_Your objective_: Every line below needs to be printed again exactly, without any of its pictures.

_Information shown_:
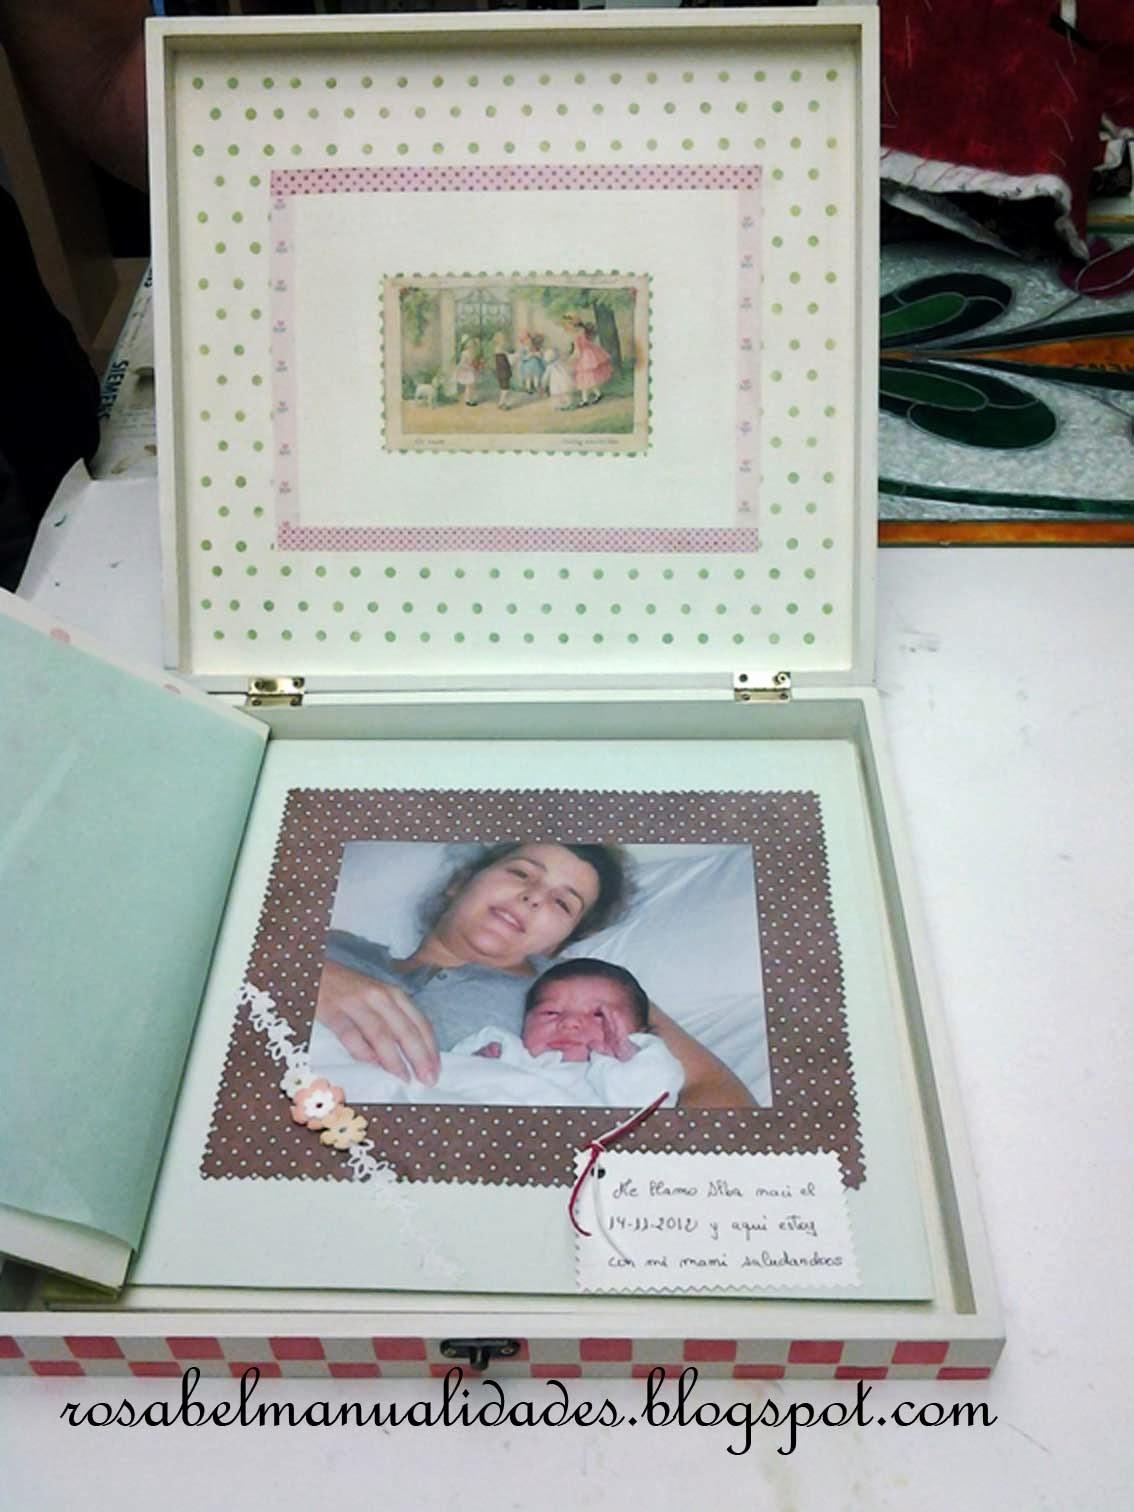 Rosabel manualidades album de fotos con caja - Manualidades album de fotos ...
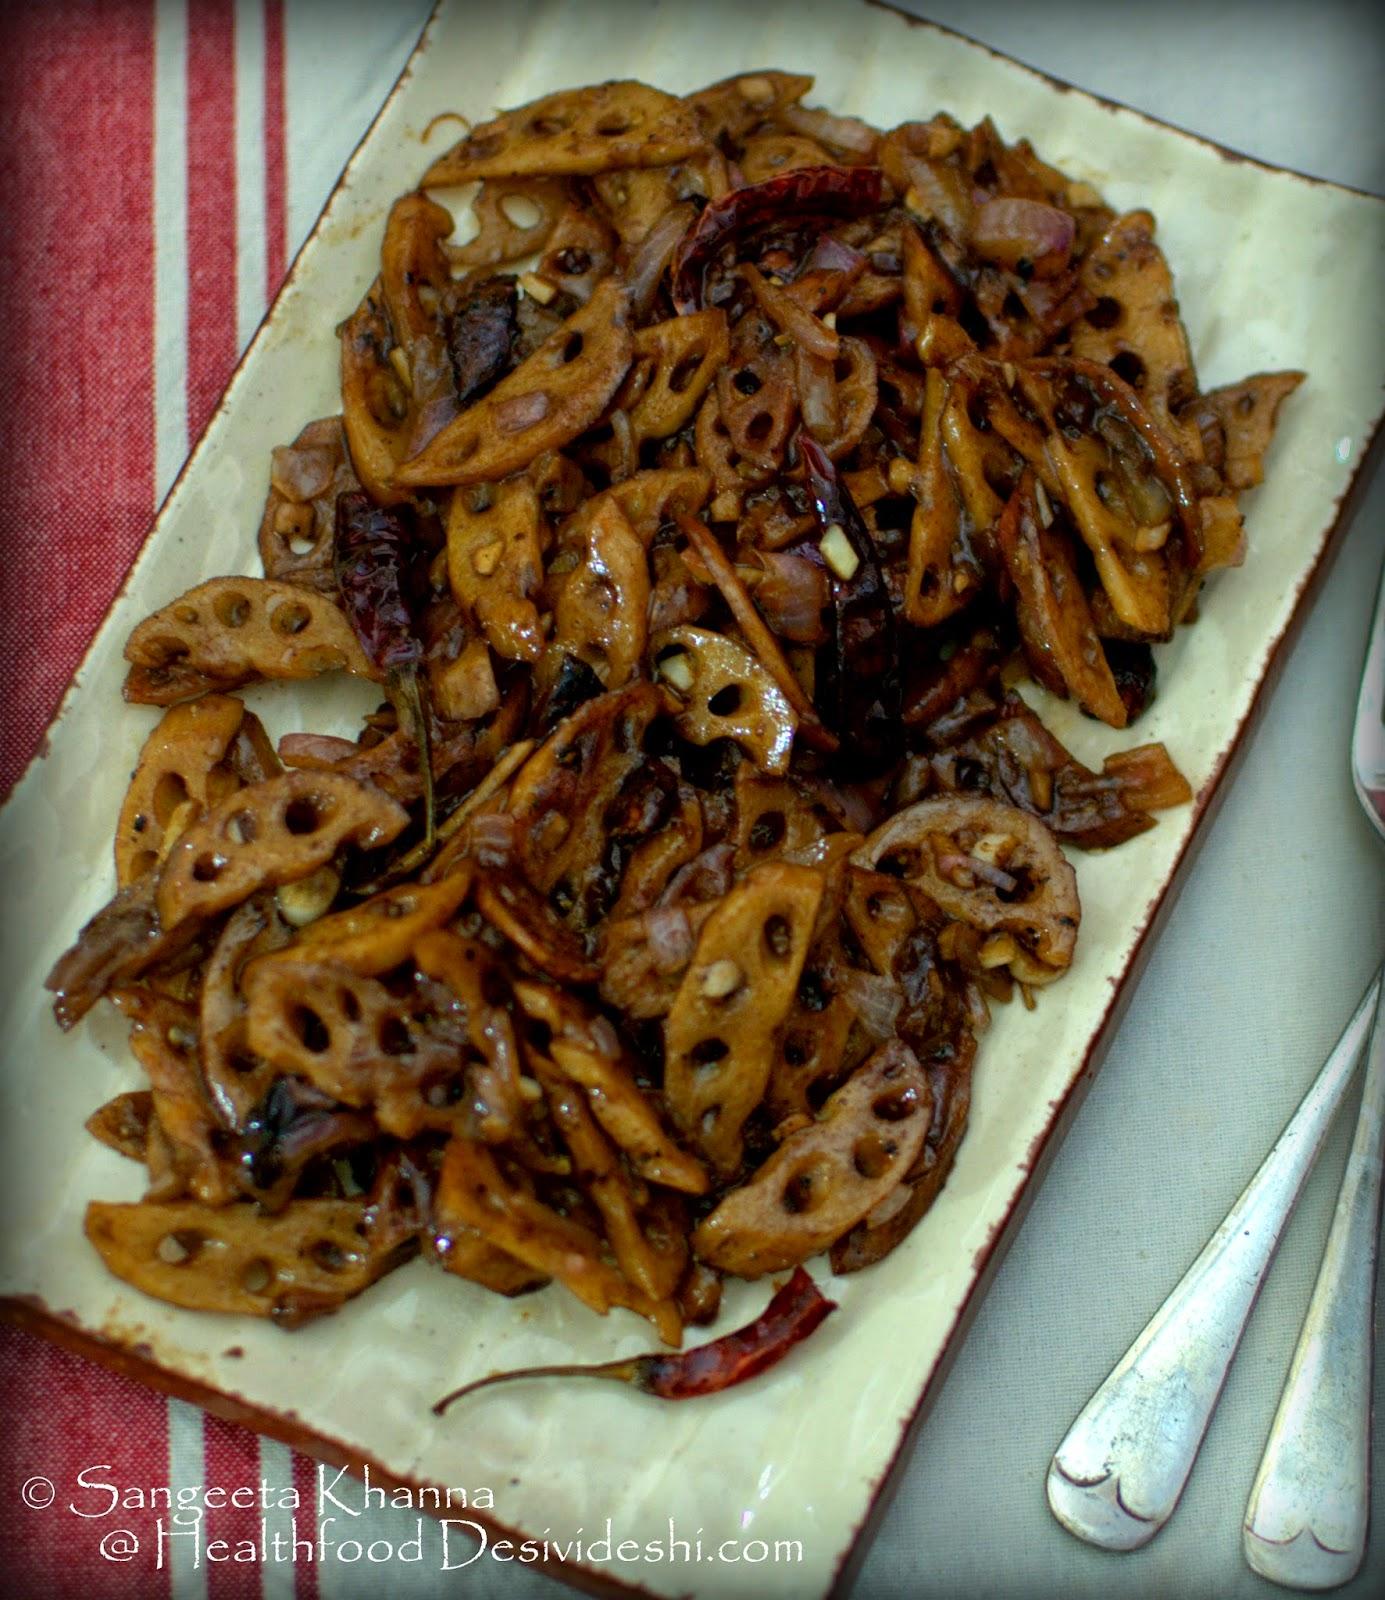 a warm Oriental salad with lotus stem | lotus stem stir fry salad with tamarind chilly sauce
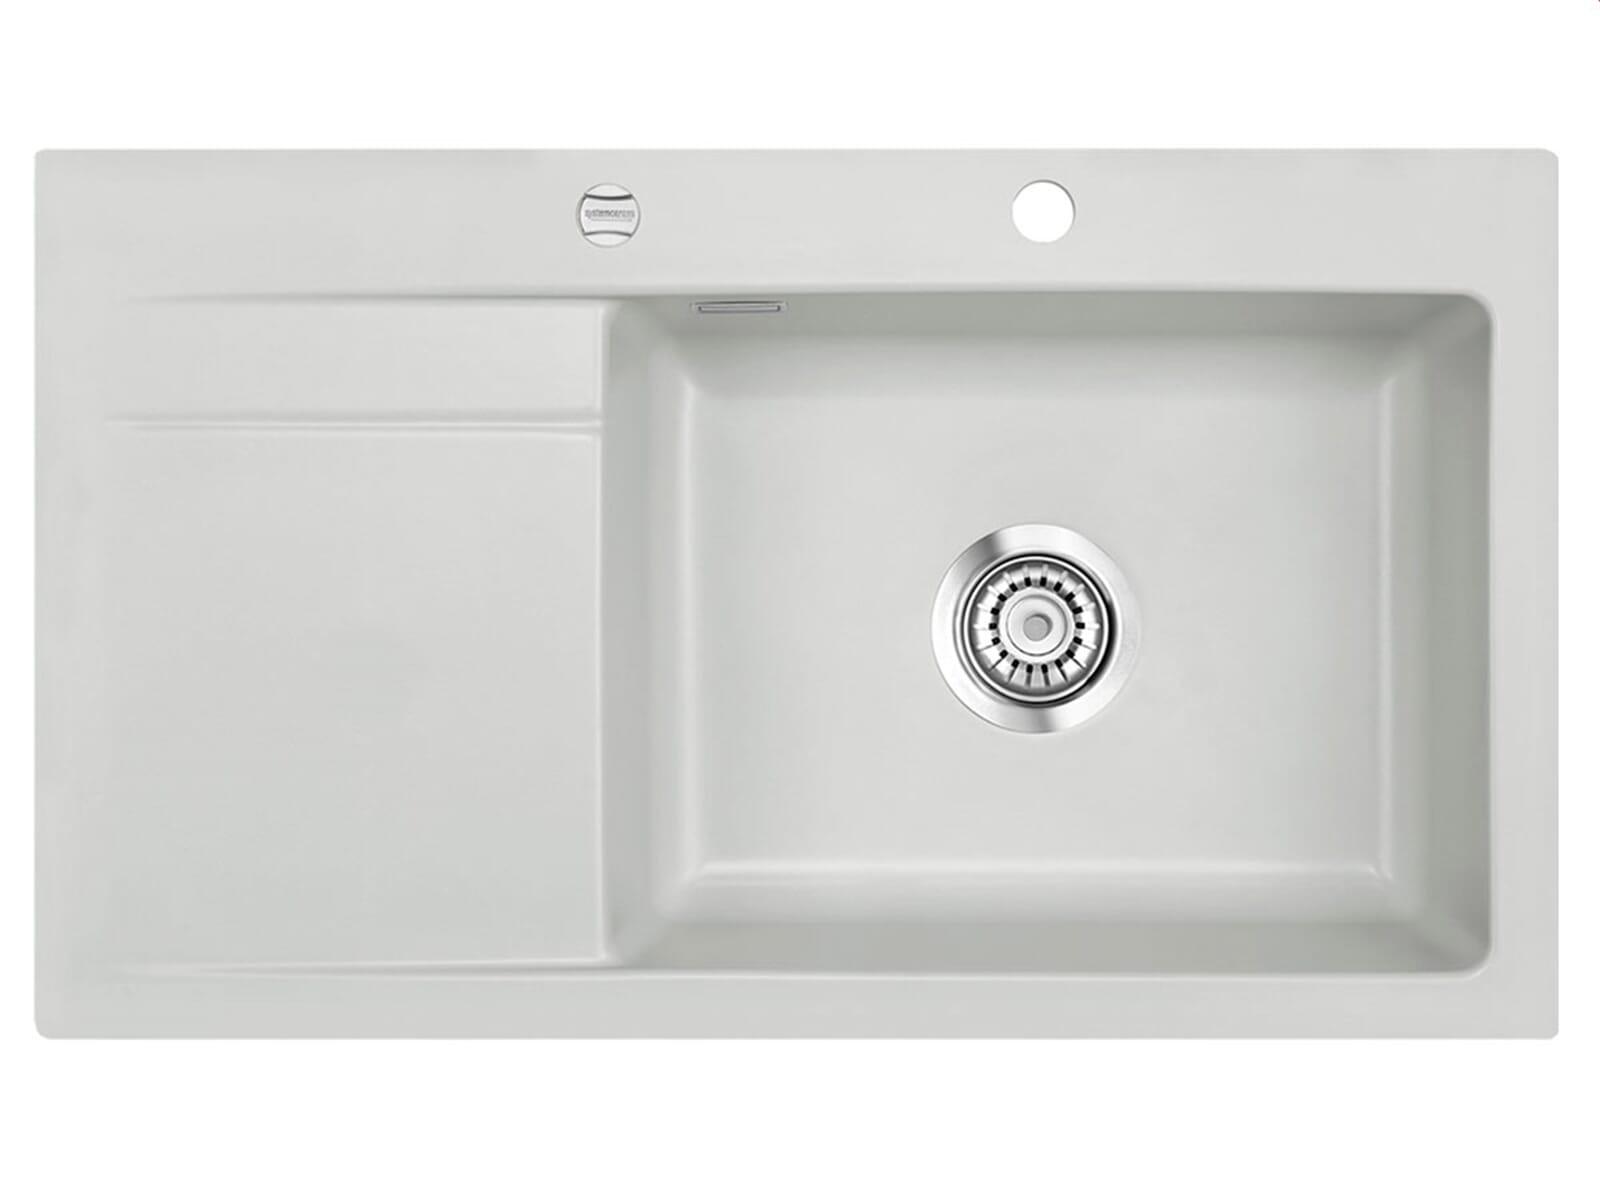 Systemceram Stema 86 SL Alu Keramikspüle Excenterbetätigung

_Answer area_:
 Rosabel manualidades album de fotos con caja - Manualidades album de fotos ...
 a warm Oriental salad with lotus stem | lotus stem stir fry salad with tamarind chilly sauce
 Systemceram Stema 86 SL Alu Keramikspüle Excenterbetätigung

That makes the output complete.